> _What you should do_
Transcribe all the entries word for word, but omit the images.

> _Data_
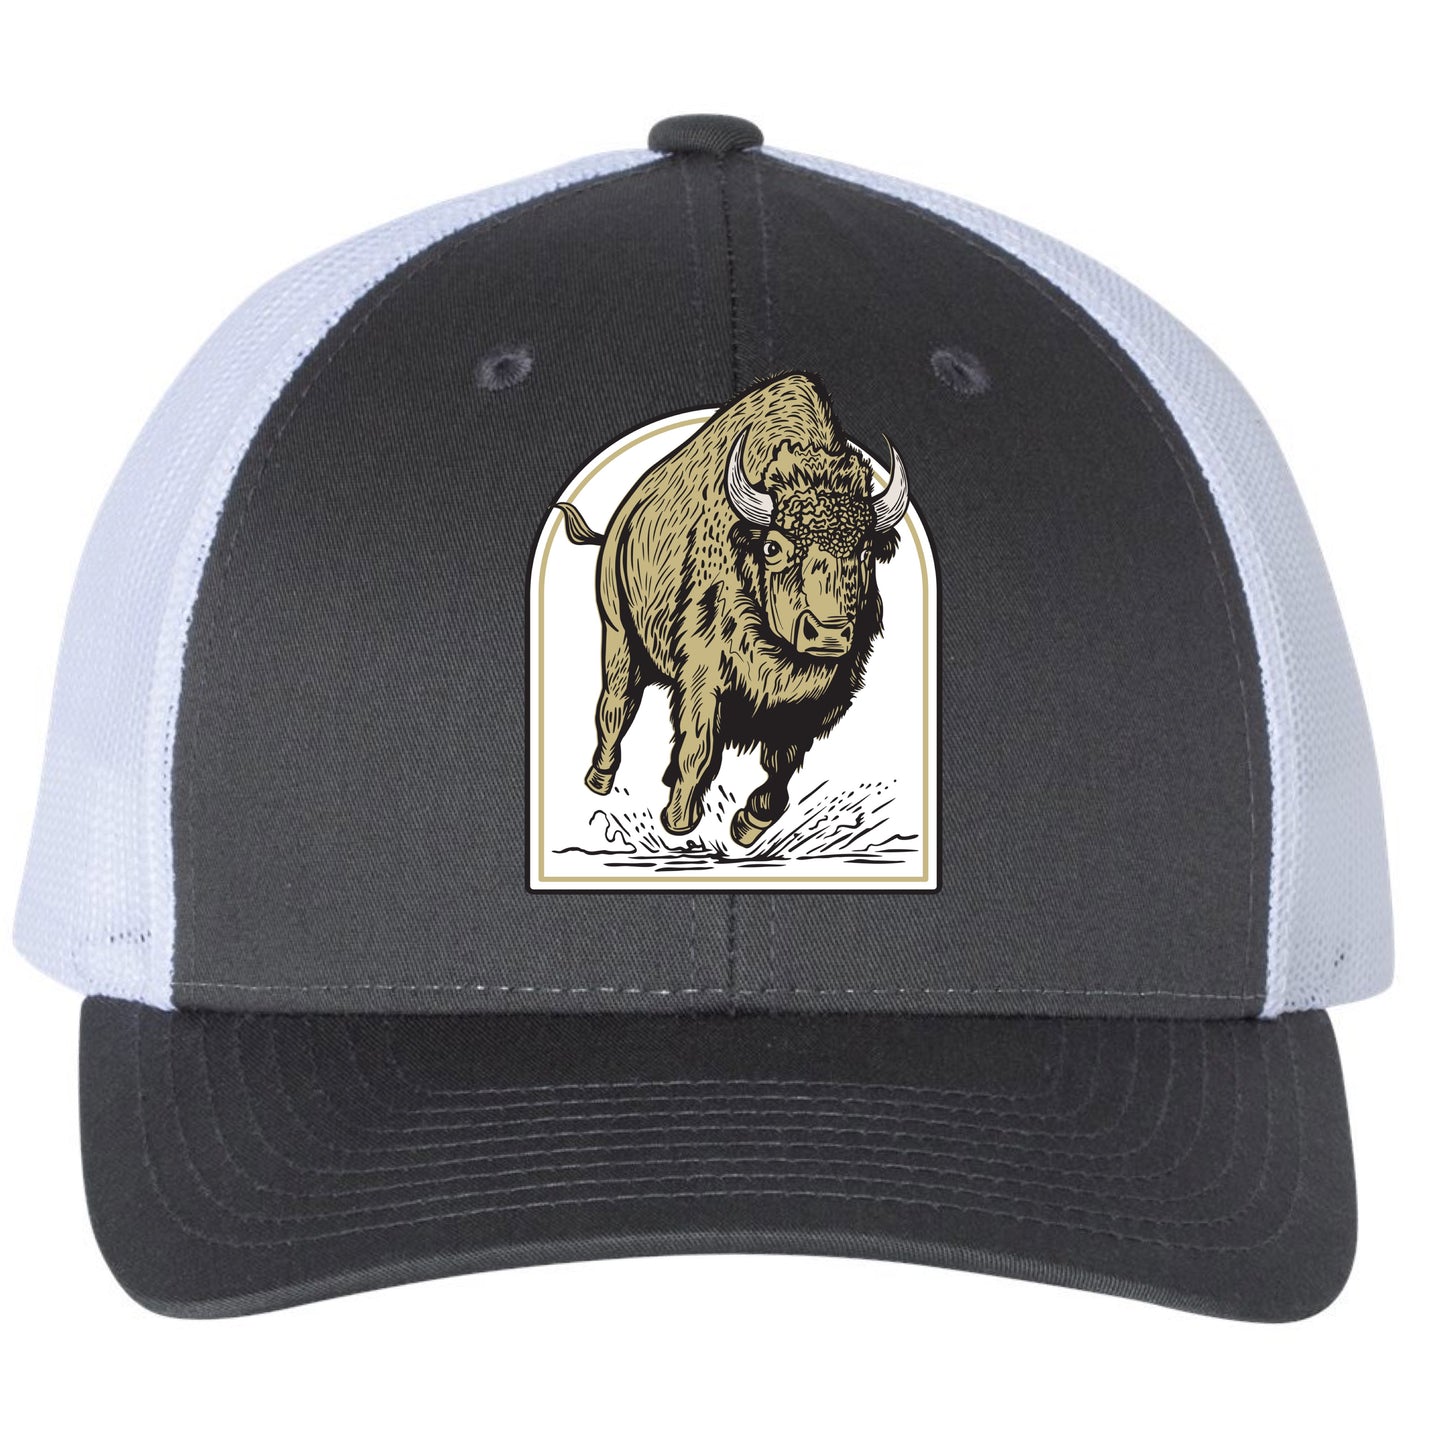 Colorado Wild Buffaloes Mascot Series 3D Patch Snapback Trucker Hat- Charcoal/ White - Ten Gallon Hat Co.
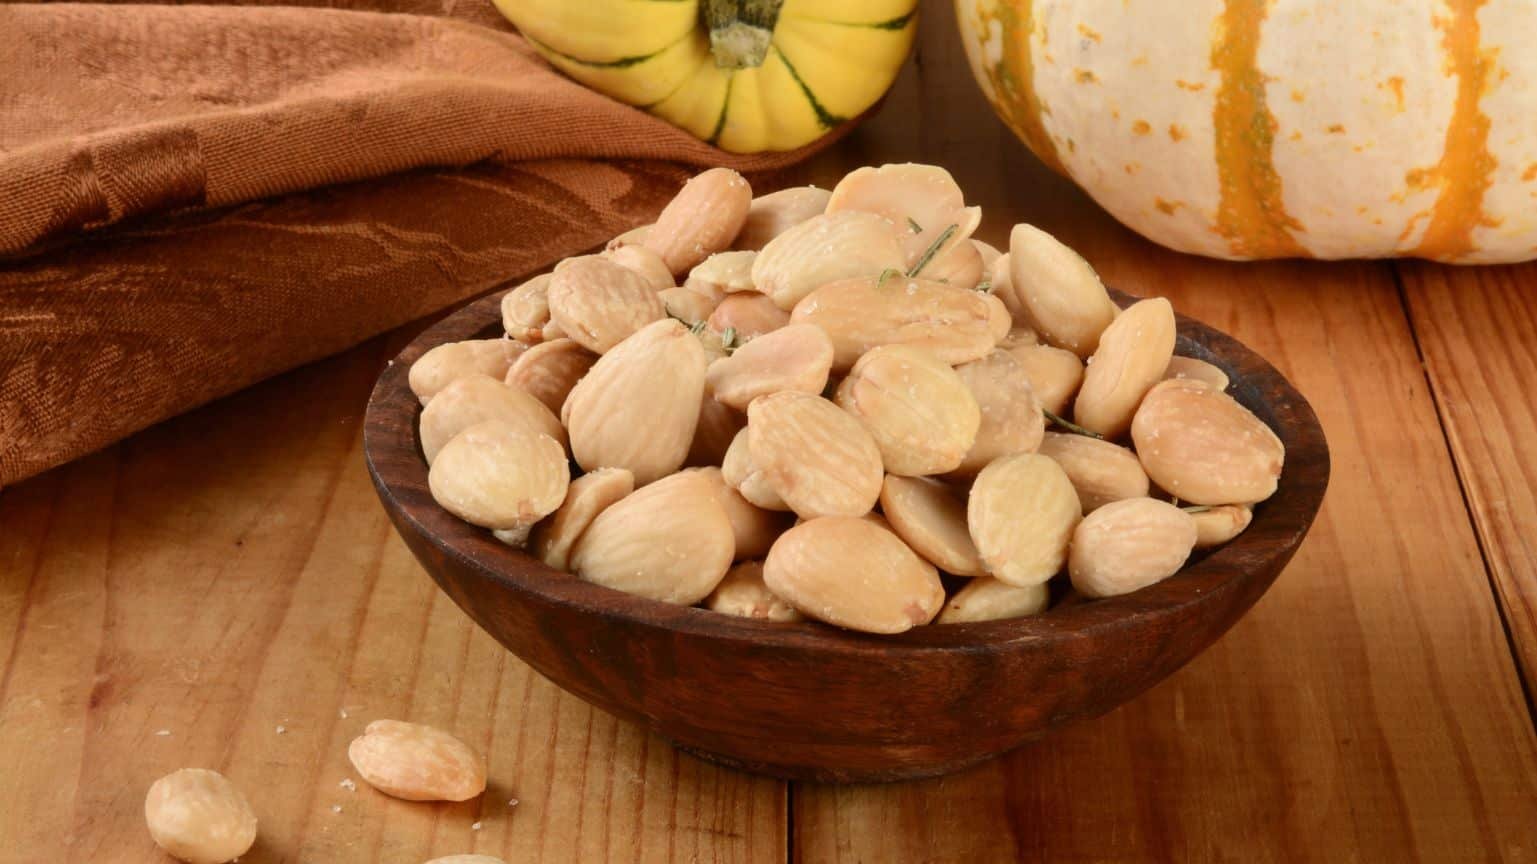 Almond nuts varieties
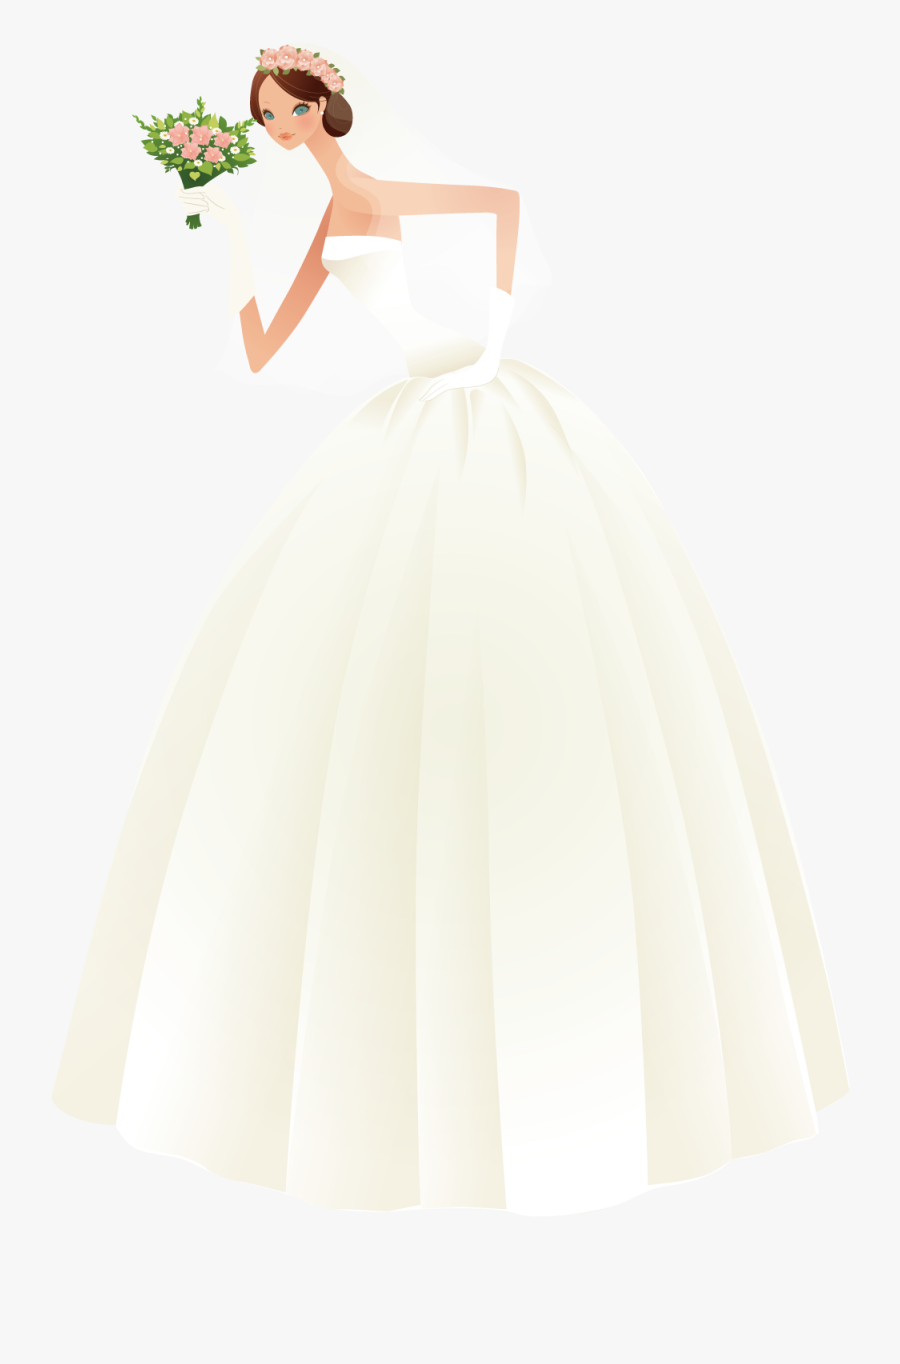 Bride Dress Png - Bride , Free Transparent Clipart - ClipartKey
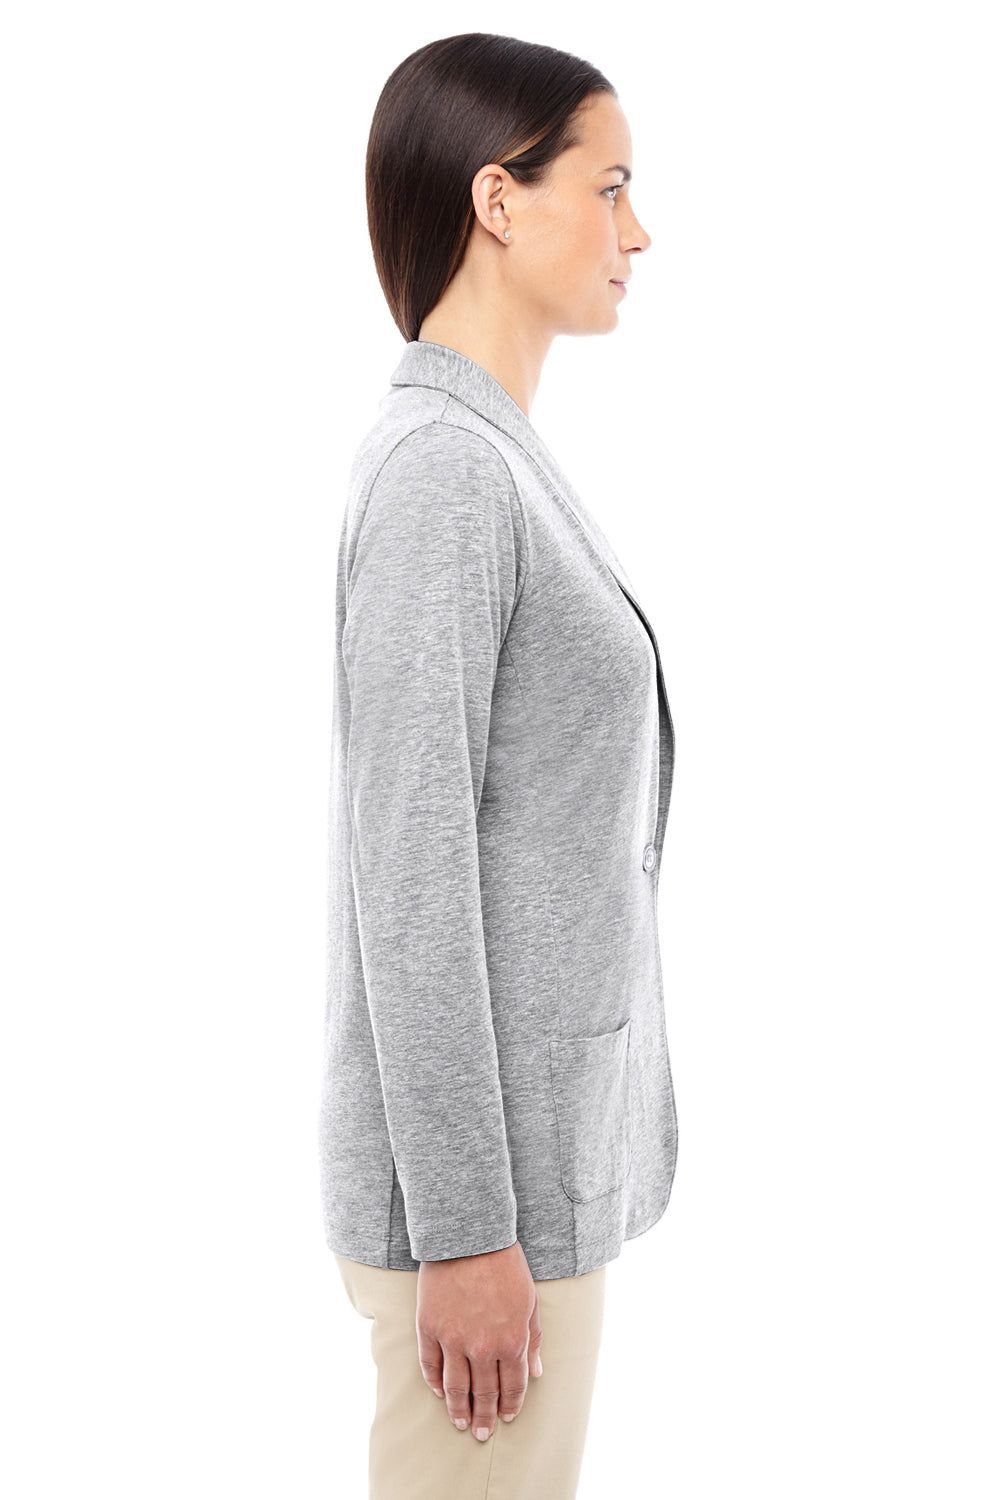 Devon & Jones DP462W Womens Perfect Fit Cardigan Sweater Heather Grey Side
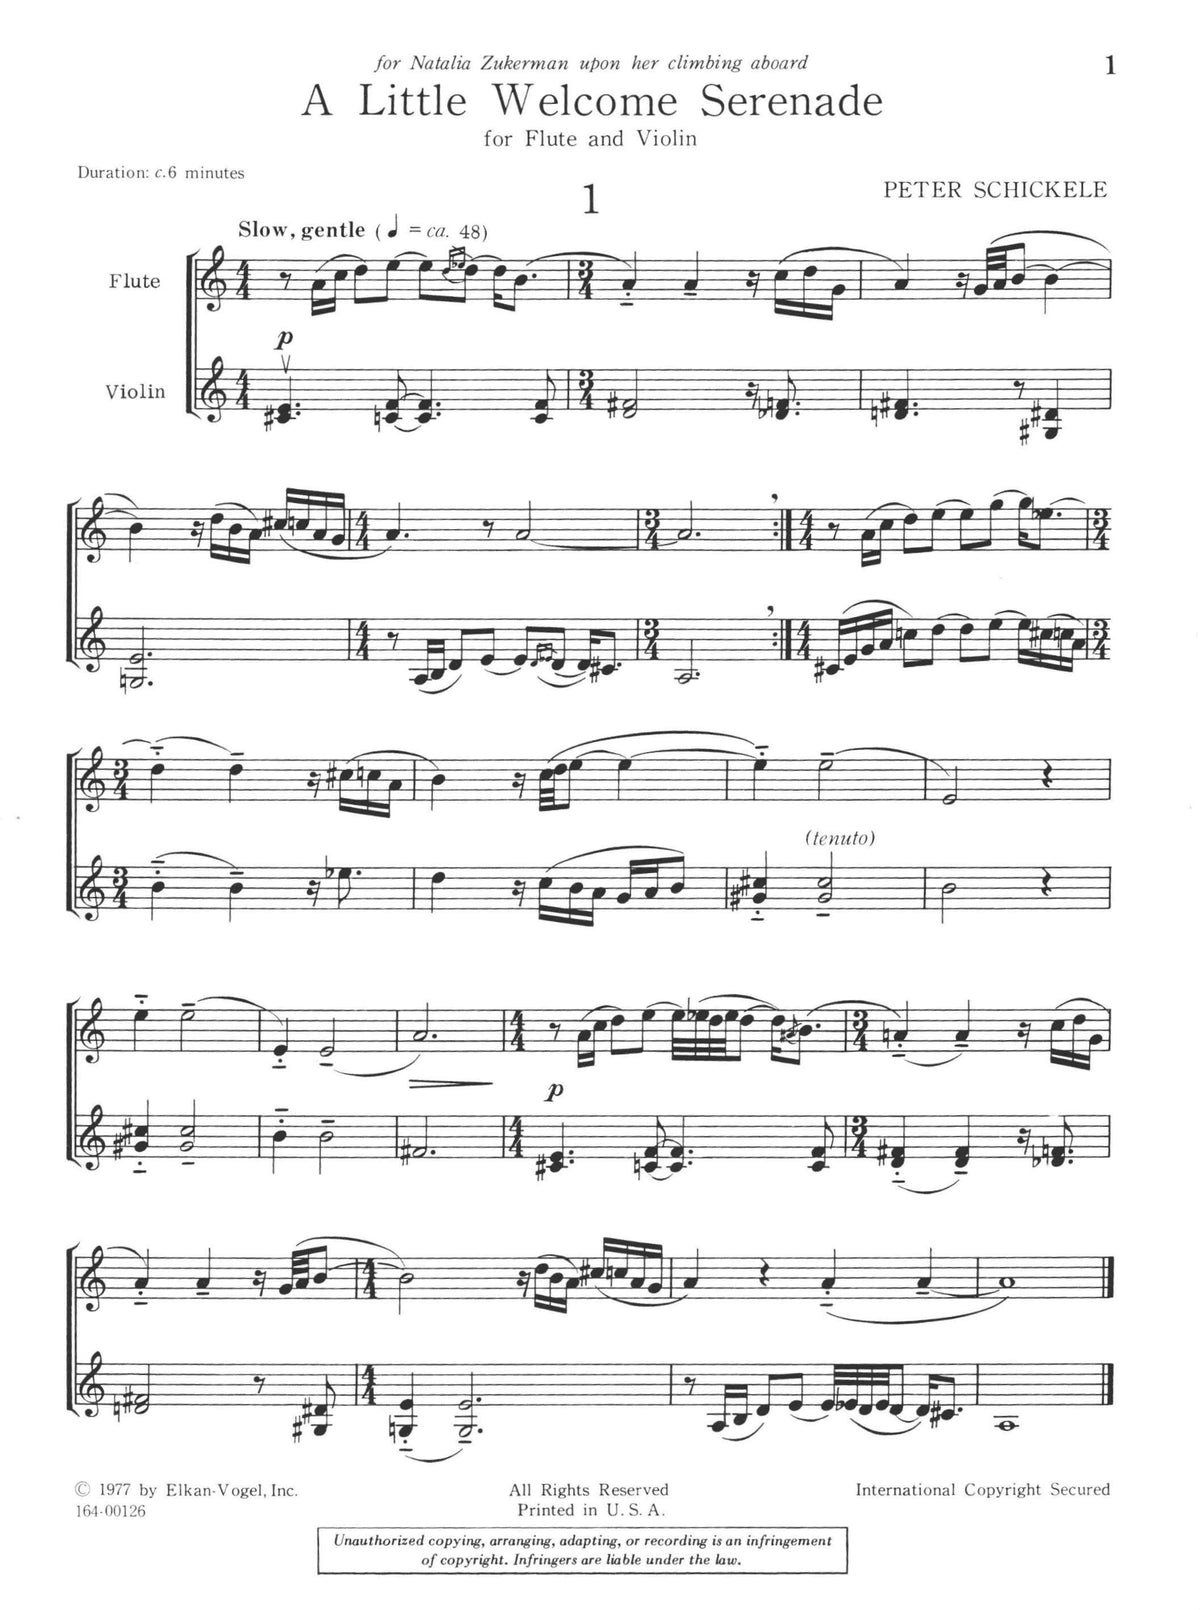 Schickele, Peter - A Little Welcome Serenade - Flute and Violin - Elkan-Vogel Edition

> _Finished task_
 Colorado Wild Buffaloes Mascot Series 3D Patch Snapback Trucker Hat- Charcoal/ White - Ten Gallon Hat Co.
 Almond nuts varieties
 Bride Dress Png - Bride , Free Transparent Clipart - ClipartKey
 Devon & Jones DP462W Womens Perfect Fit Cardigan Sweater Heather Grey Side
 Schickele, Peter - A Little Welcome Serenade - Flute and Violin - Elkan-Vogel Edition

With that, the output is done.